The rate of overdiagnosis in the NSW BreastScreen program was previously estimated to be between 30 and 42%, depending on the method used.

The authors of the just-published study used the more conservative estimate of a 30% overdiagnosis rate to calculate that the ratio of harm (overdiagnosis) to benefit (avoidance of breast cancer death) was 15:1 – that is, 15 women harmed for every woman whose life is saved.

So what should women do if they are worried about breast cancer, and reduce their risk? As I mentioned in my previous article, Cancer prevention and treatment, research shows that practising just 5 habits can lower a woman’s risk of breast cancer by 30%:

  • Don’t smoke
  • Drink very little or no alcohol
  • Maintain a healthy body weight
  • Don’t use HRT
  • Walk 30 minutes per day.

Please share this important information with everyone you know, and if you need personalised help with developing a cancer prevention (or recurrence prevention) plan that you can stick to, apply for a Roadmap to Optimal Health consultation today.
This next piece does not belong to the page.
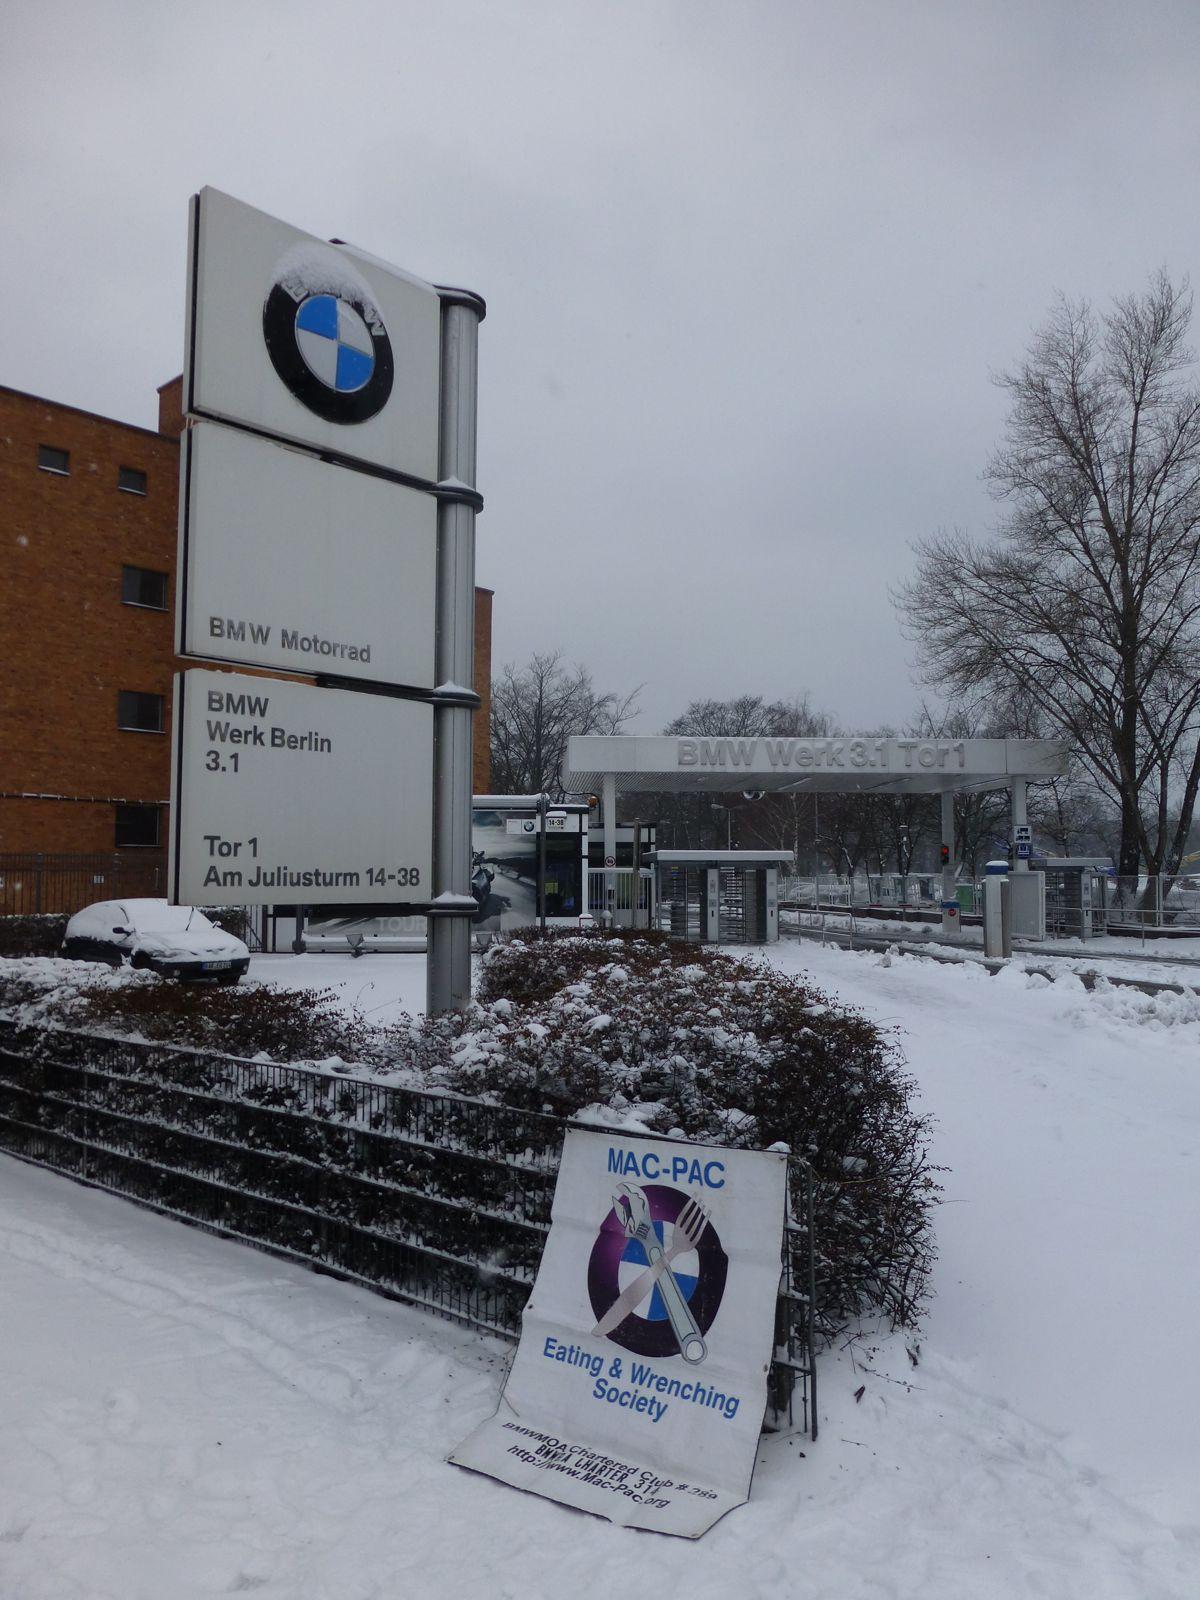 BMW Motorad Factory - BMW Werk 3.1 Berlin

Leave your comments below:

2 Comments

  • Alesea

    Reply Reply 19/12/2023

    Hi,
    That is interesting. What do you think about the smear test? I’ve never done it. However, I keep receiving letters of invitation to go get it as it’s “crucial”. I avoid doctors as much as I can, especially after the pandemic.

    • Robyn Chuter

      Reply Reply 21/12/2023

      The Pap smear is one of the very few cancer screening tests that has actually been found to reduce from the cancer it’s intended to detect. However, it only needs to be done roughly once every 5 years, and women over 70 don’t need to do it at all.